包子似乎還是那些包子,但兩個人第一次吃飯那家包子鋪早已不知所終。把「物是人非」這個成語拆開,如果物都不是原來的物了,人就當然更不是原來的人了。馬德勝已經不是當年的隊長,王響也不是那個蒸汽機車正司機。然而,有些事梗在王響和馬德勝的人生之間,就像一道他們邁不過去的坎——這道坎一直沒變。

王響夾了個包子塞進嘴裡:「吃啊,動筷。」

兩人時隔多年再次組「包子局」,這次倒是王響先開的口。

馬德勝問:「這麼多年了,你沒想著換個地方住?」王響平靜地說:「能搬到哪兒去?我搬走了,他們孃兒倆要想回來看看咋辦?」馬德勝也沒有要教育人的意思:「人哪,有時候該往前看,往前看。」「往前看」這三個字,他特意重複了一次。

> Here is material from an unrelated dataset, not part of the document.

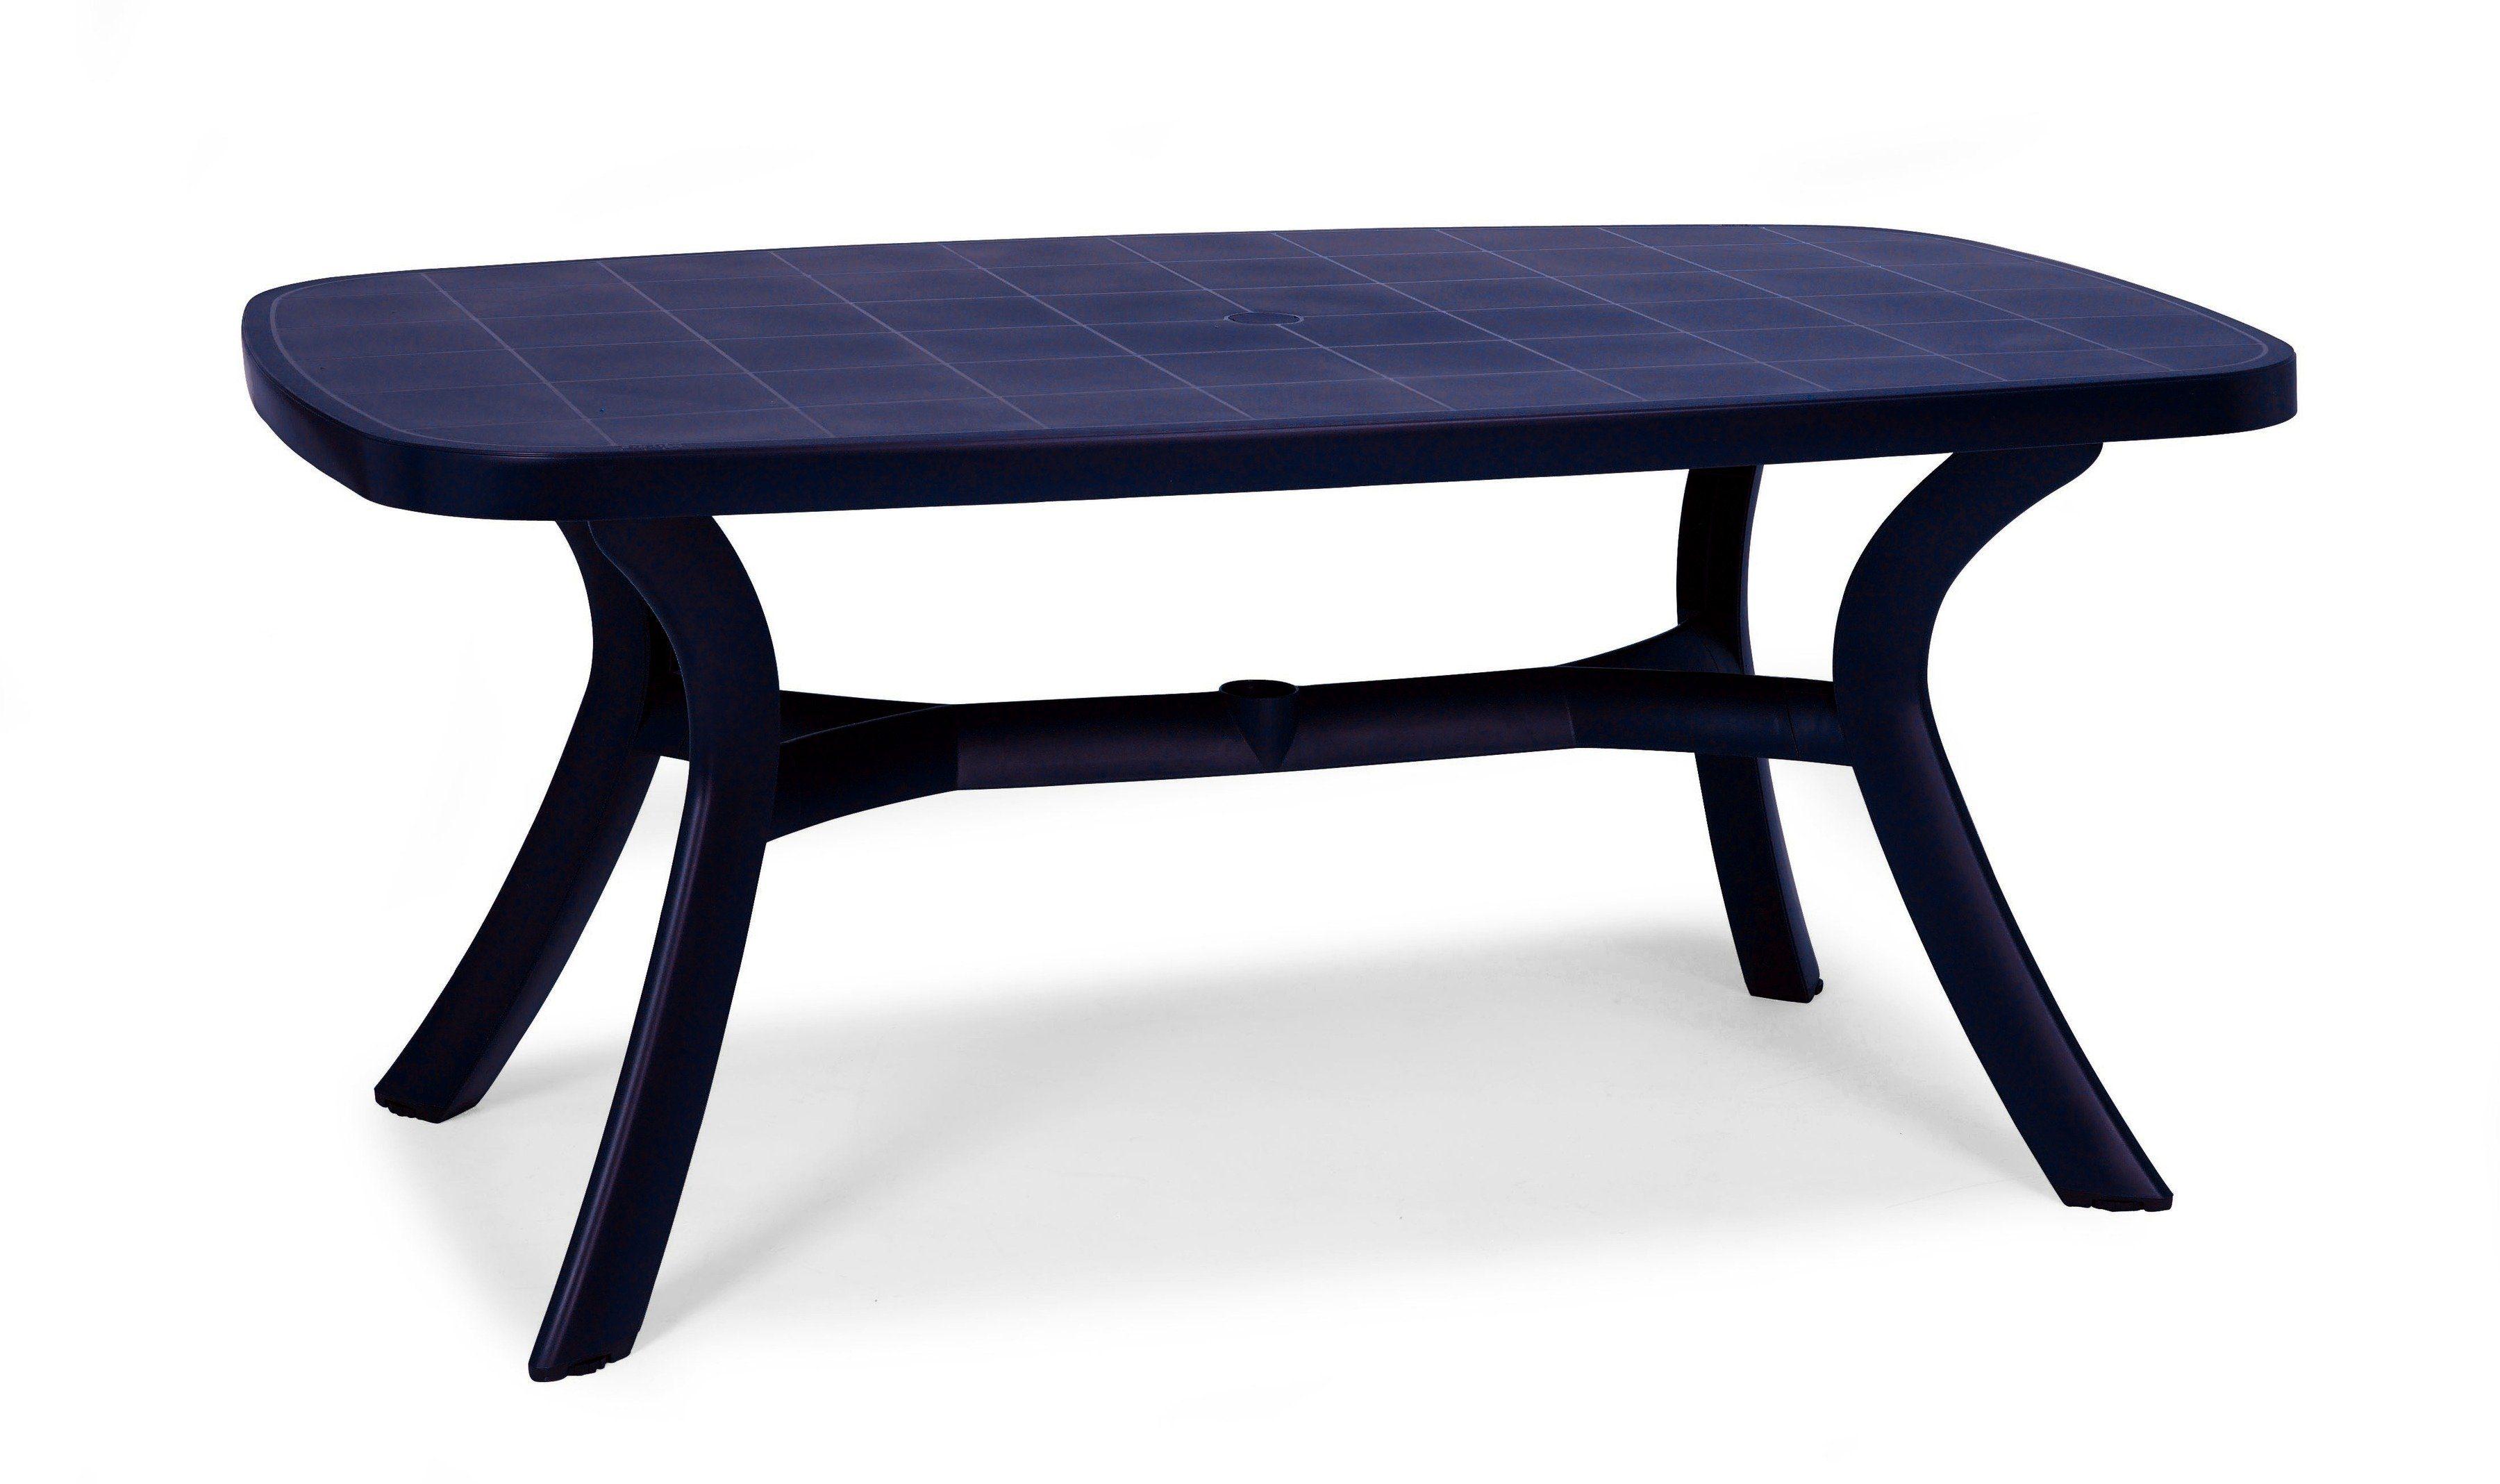 BEST Gartentisch »Kansas«, Kunststoff, 192x105 cm, blau

王響的聲音拔高了些:「馬隊,你往前看了嗎?」馬德勝報以苦笑。

王響又吃了個包子:「你把我從公安局弄出來,我謝謝你——」馬德勝擺了擺舉著筷子的手:「不是我能耐,主要是你這事也沒多大。」王響突然問:「去我家瞅了一眼,踏實了?」

馬德勝感覺自己被王響看透了。被看透了也沒什麼不好,他就是擔心王響想不開。現在這話被王響直說了,他也樂得輕鬆。

王響說:「放心吧,我記著你的話呢。」

馬德勝一笑,不禁回憶起王陽出事的那個秋天裡的一天。

那天,在王響家,馬德勝在次臥室外面咣咣撞著門,王響在裡面,對這動靜置若罔聞,眼神呆呆地瞅著窗外的那截下水管道——當初王陽曾順著管道爬下去過。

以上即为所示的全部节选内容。